What's the solution?

maxb commented 3 months ago

A further thing that can apparrently go wrong here, is that systemd --user can create its socket, and then WSLg comes along and overmounts /run/user/1000 ... as I just found out - #10205 for more :-(

karJac commented 2 months ago

@nithin-mk

Try this solution:

[10569:0827/004757.735915:ERROR:bus.cc(407)] Failed to connect to the bus: Failed to connect to socket /run/user/1000/bus: No such file or directory

can be fixed by adding these lines to ~/.bashrc

if [ -z "$DBUS_SESSION_BUS_ADDRESS" ]; then
    dbus-daemon --session --address=unix:path=/run/user/1000/bus --fork
    export DBUS_SESSION_BUS_ADDRESS="unix:path=/run/user/1000/bus"
fi

The issue is that when running RStudio, it expects the socket to be located at a fixed path in /run/user/1000/bus, which doesn't work in WSL2 where the socket is instead created as an abstract socket and is found under /tmp

dbus-launch --sh-syntax --exit-with-session
DBUS_SESSION_BUS_ADDRESS='unix:abstract=**/tmp/dbuslADZpPMOKJ,guid=55593467f737024f5f2ed7c566cd08fd**';
export DBUS_SESSION_BUS_ADDRESS;
DBUS_SESSION_BUS_PID=11021;
DBUS_SESSION_BUS_WINDOWID=6291457;
xieve commented 2 months ago

From @cerebrate's solution, I succesfully worked around this issue by setting my terminal to run this as root on startup:

zsh -c \
"until [ -S /run/dbus/system_bus_socket ]; \
 do sleep 1; \
done; \
systemctl restart user@1000; \
export DBUS_SESSION_BUS_ADDRESS='unix:path=/run/user/1000/bus'; \
exec sudo --preserve-env=DBUS_SESSION_BUS_ADDRESS --user xieve zsh"

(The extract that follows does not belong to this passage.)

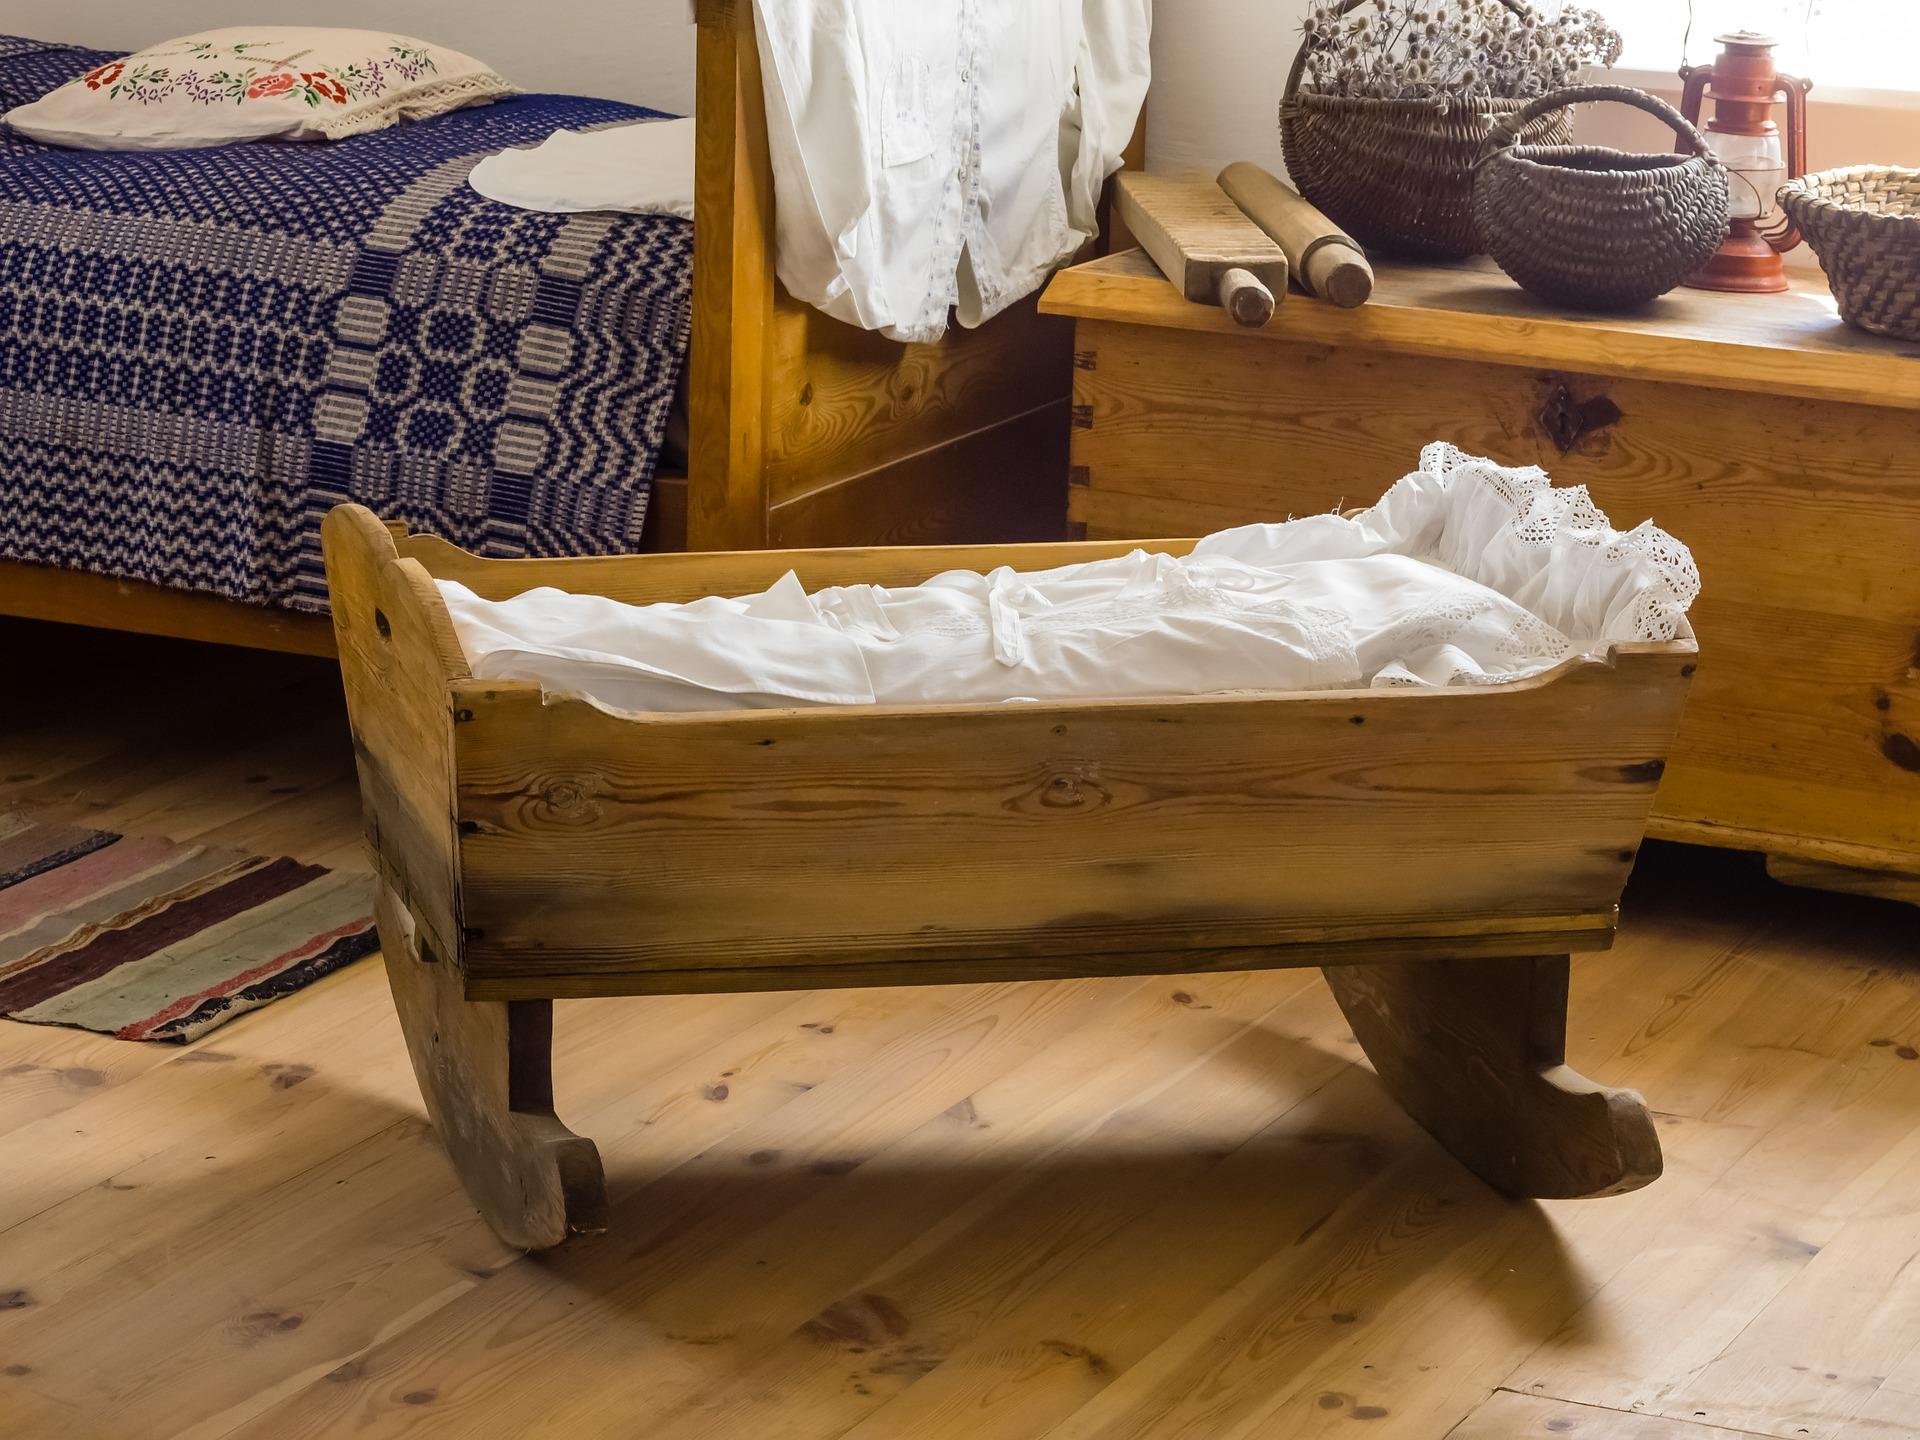 cradle-770287_1920

You can switch out zsh for bash according to your preference.

until [ -S: until socket exists

I also had a simpler solution:

zsh -c "until [ -S /run/dbus/system_bus_socket ]; do sleep 1; done; exec login -p -f xieve"

This has the significant drawback of resetting $PATH to a state not touched by WSL, i.e. no running executables from Windows PATH.

login -p -f [username]: login as [username] without asking for password (-f) while preserving the environment (-p)

gojanpaolo commented 1 month ago

https://github.com/microsoft/WSL/issues/8842#issuecomment-1498310224

I solved it by running sudo systemctl restart user@1000. After this command, bus and systemd appear again in the /run/user/1000 directory.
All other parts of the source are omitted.